Call-for-Code-for-Racial-Justice / TakeTwo-DataScience

Call for Code Diverse Representation Problem 3 media bias data science
Apache License 2.0
8 stars 8 forks source link

Implement Machine Learning component V3 (dsmvp-v3) #10

Open naokiabe opened 3 years ago

naokiabe commented 3 years ago

As part of the progression of machine learning components with increasing levels of sophistication, implement version 3 ("dsmvp-v3") with the following characteristics:

Explainable Model: A machine learning model that can learn to detect racially biased expressions in context based on input labeled data without explicit division of "expression" and "context”, i.e. labeled data consisting of <text, classification> pairs, and the trained model is to output sub-expression(s) of a new test input text identified to be biased expressions in context.

This may need to make use of an AIX (Explainable AI model/method) on text data, which can learn to classify an entire text, and at the same time, point to portions of the text that are likely most responsible for the classification judgement.
This may have to be invented, or further literature search may be required.
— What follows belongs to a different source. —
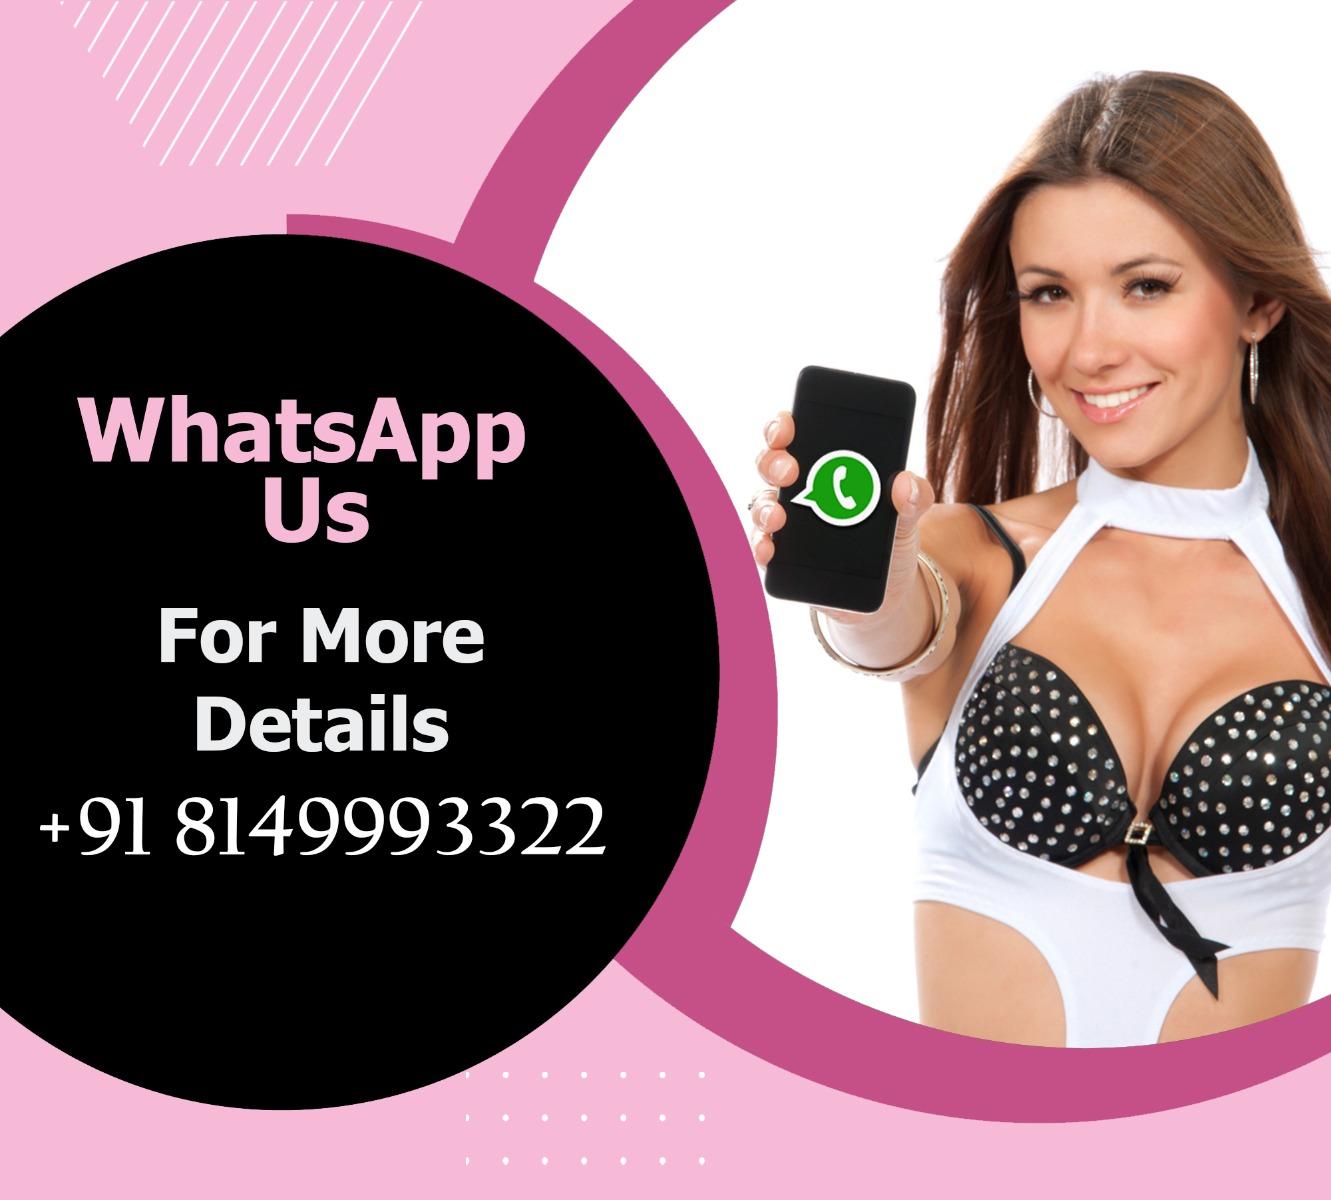 Kaamastra WhatsApp Number - 81499933322

At minimum, a method akin to those AIX methods targeting tabular data (e.g. contrastive explanation method in AIX 360) can be applied with relatively straightforward modifications. (Reference: https://arxiv.org/abs/1802.07623)

Coding of dsmvp-v3 should be similar to and share many aspects of how dsmvp-v3 in the repository is implemented, using Jupyter notebook and accessing the database via taketwo-webapi, etc.

github-actions[bot] commented 3 years ago

:wave: Hi! This issue has been marked stale due to inactivity. If no further activity occurs, it will automatically be closed in 14 days.